Semiconductors are an essential part of today's modern life.
Semiconductors are an essential part of today's modern life.

Local customs officials have apprehended executives of a distribution company involved in the smuggling of U.S.-made semiconductor integrated circuit (IC) chips, classified as strategic items, into China after importing them for domestic use. This marks the first instance of customs discovering the use of South Korea as a transit route for exporting foreign-made semiconductors to China.

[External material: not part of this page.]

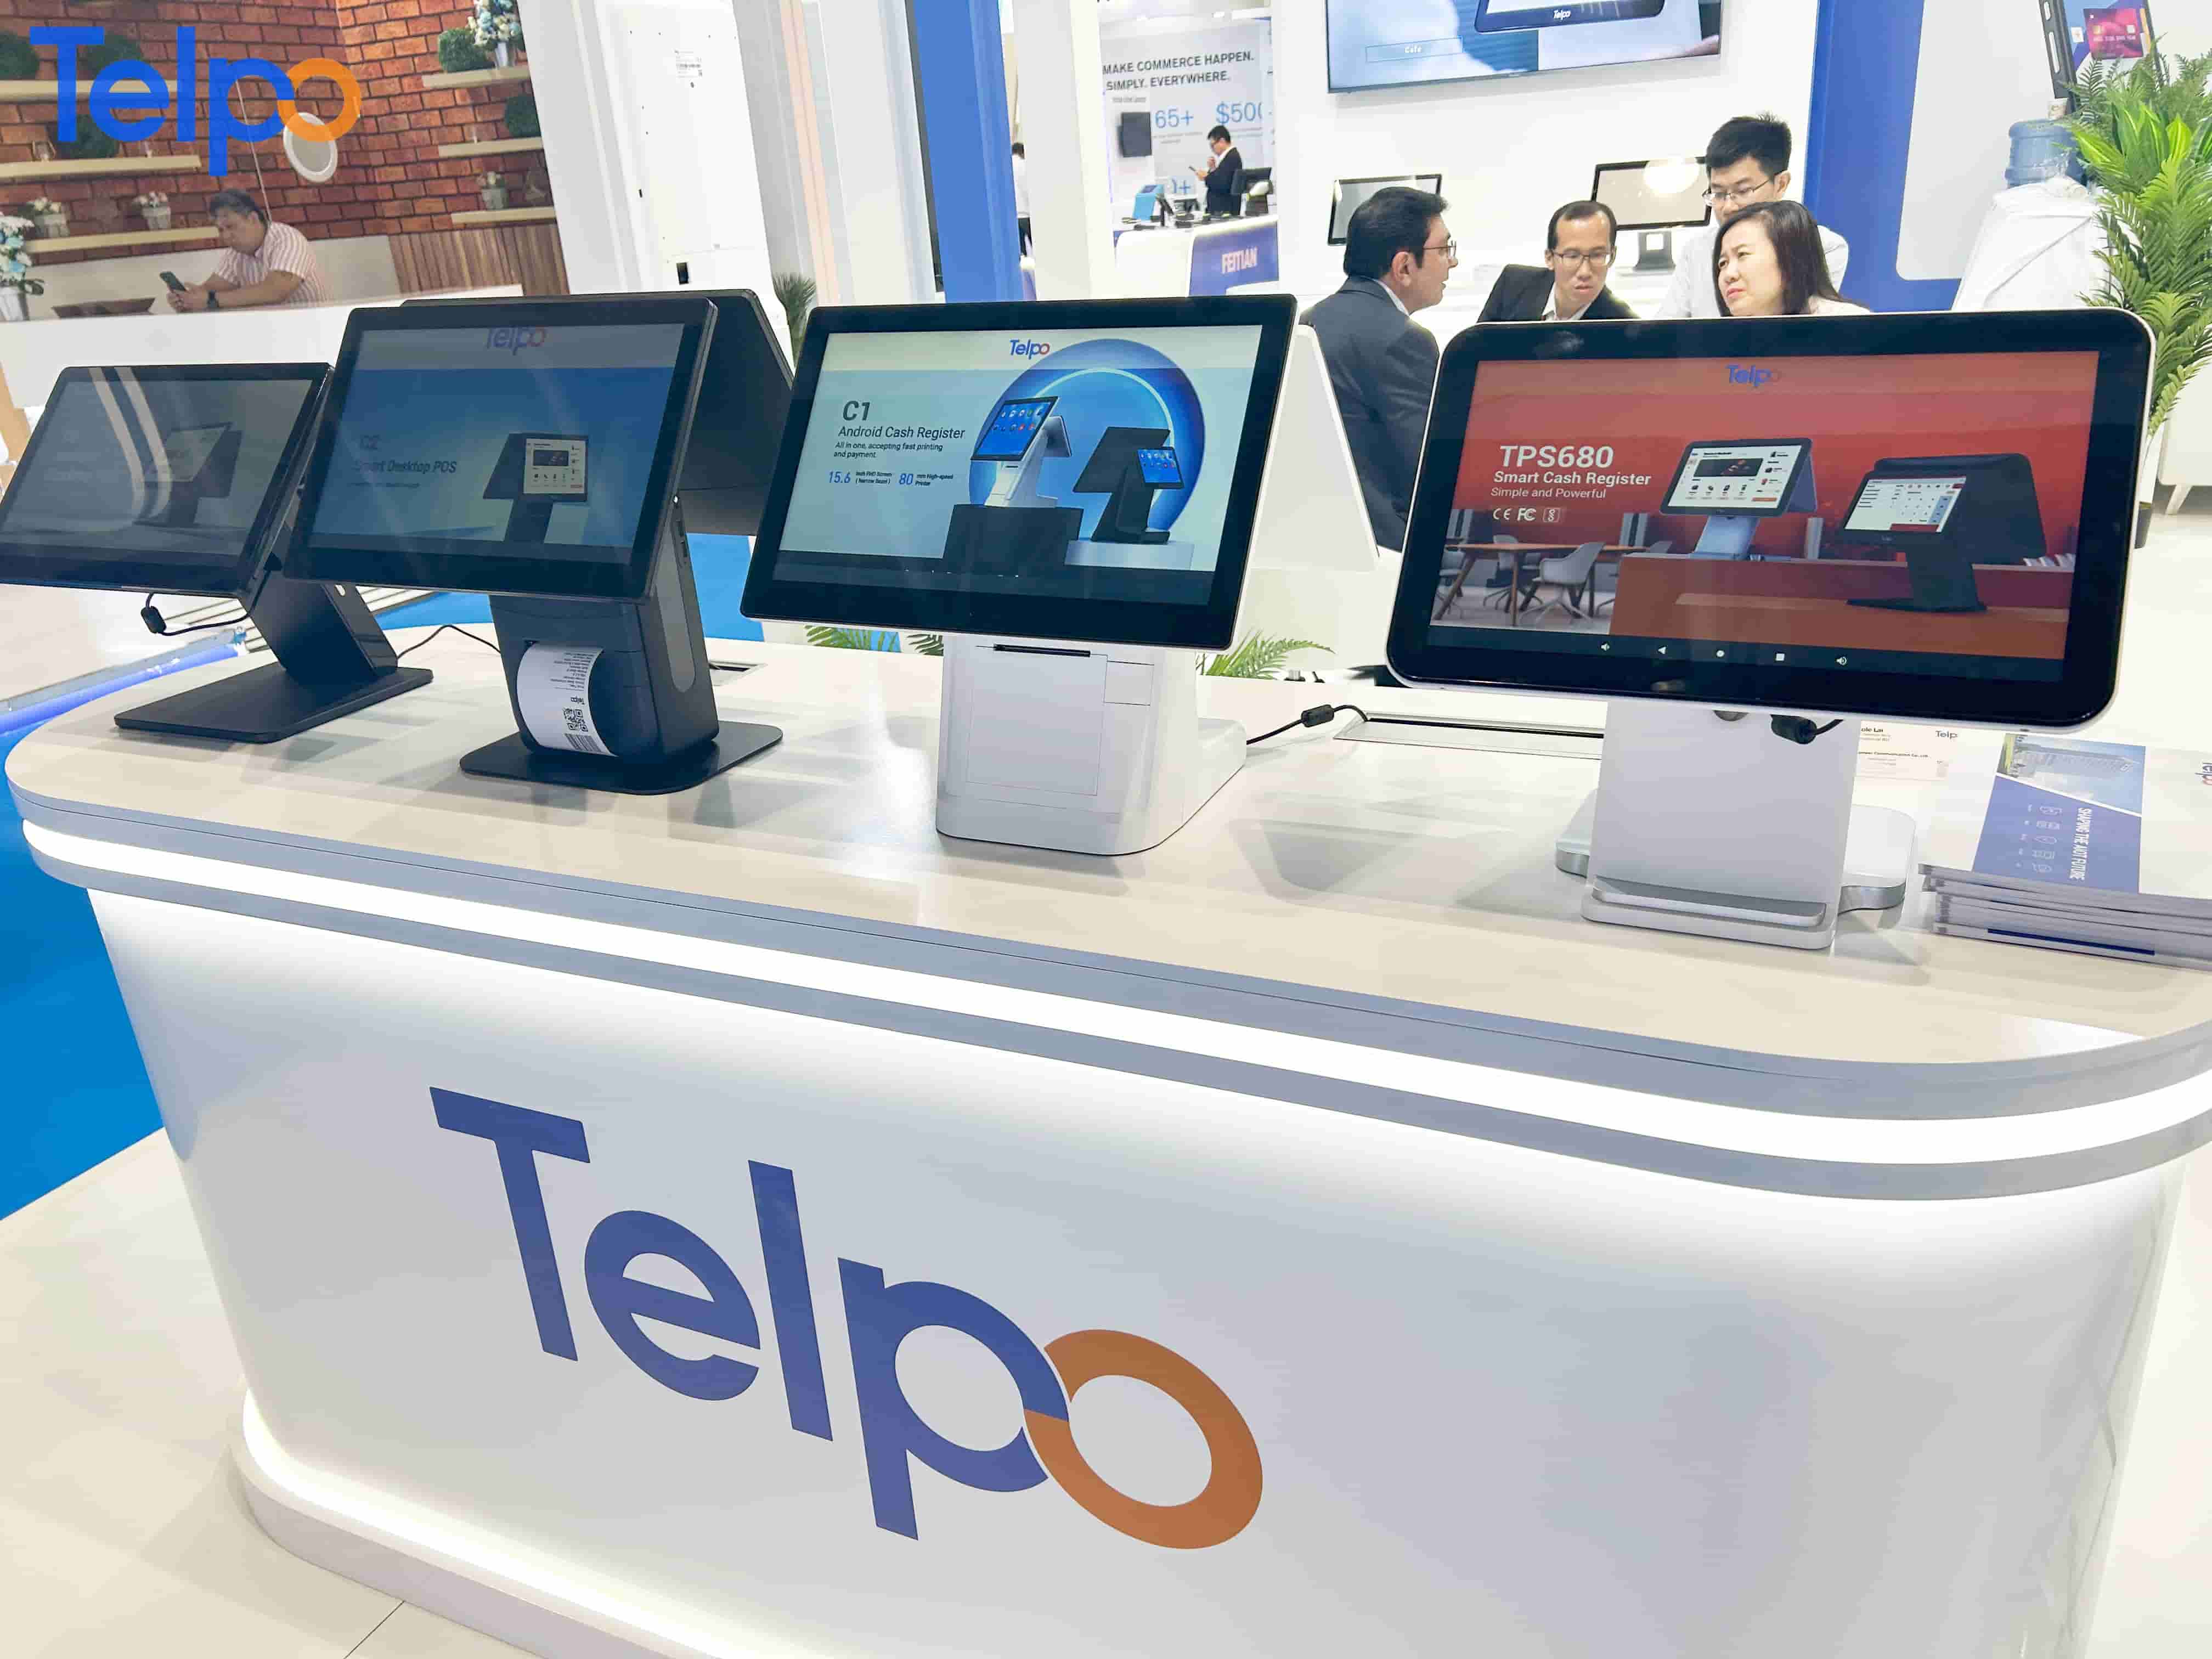 The Telpo smart cash register series at the exhibition

The Seoul Main Customs Office announced on Jan. 25 that it had referred the 40-something CEO and executives of Company A, which distributes overseas electronic components in South Korea, to the Seoul Central District Prosecutors’ Office without detention on charges of violating the Foreign Trade Act, the Customs Act, and the Act on the Regulation of Concealment of Criminal Proceeds.

According to customs, from August 2020 to August of last year, these individuals operated Company A and purchased communication semiconductor IC chips made by a renowned U.S. semiconductor company and imported for domestic use through domestic telecommunications equipment development companies. They then smuggled these chips to China 144 times by sending them via air transport without declaring them to customs. These chips, designated as strategic items in 2020, convert analog signals to digital in communication relays and are subject to export and import restrictions without government permission due to their potential use in the manufacture of weapons of mass destruction.

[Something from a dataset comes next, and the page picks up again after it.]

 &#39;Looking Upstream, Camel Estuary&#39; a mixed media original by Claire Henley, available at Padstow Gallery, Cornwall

The investigation revealed that 96,000 semiconductor IC chips worth approximately 13.9 billion won (US$11.6 million) were smuggled through Company A, with 53,000 of these chips, valued at 11.8 billion won, being classified as strategic items. The IC chips in question, produced by a U.S.-based semiconductor manufacturer, are supplied domestically only through official Korean distributors, which require an end-user certificate and a non-re-exportation commitment from the importer for distribution management. Thus, importing by entities other than the end-user, like Company A, is normally impossible.

Company A circumvented these restrictions by having domestic telecommunications equipment development companies import more IC chips than needed through official Korean distributors, then obtained the excess for smuggling. The chips were repackaged in small quantities and disguised as sample products for shipment to China without obtaining the necessary export permission from the Minister of Trade, Industry, and Energy.

Their profit-making scheme was meticulously planned. They inflated the value of semiconductor components worth only 4 million won to 7.5 billion won when exporting them to Hong Kong, falsely declaring this to customs and submitting fabricated documents to banks to receive the smuggling proceeds. The remainder of the funds was brought into the country through illegal means such as money laundering.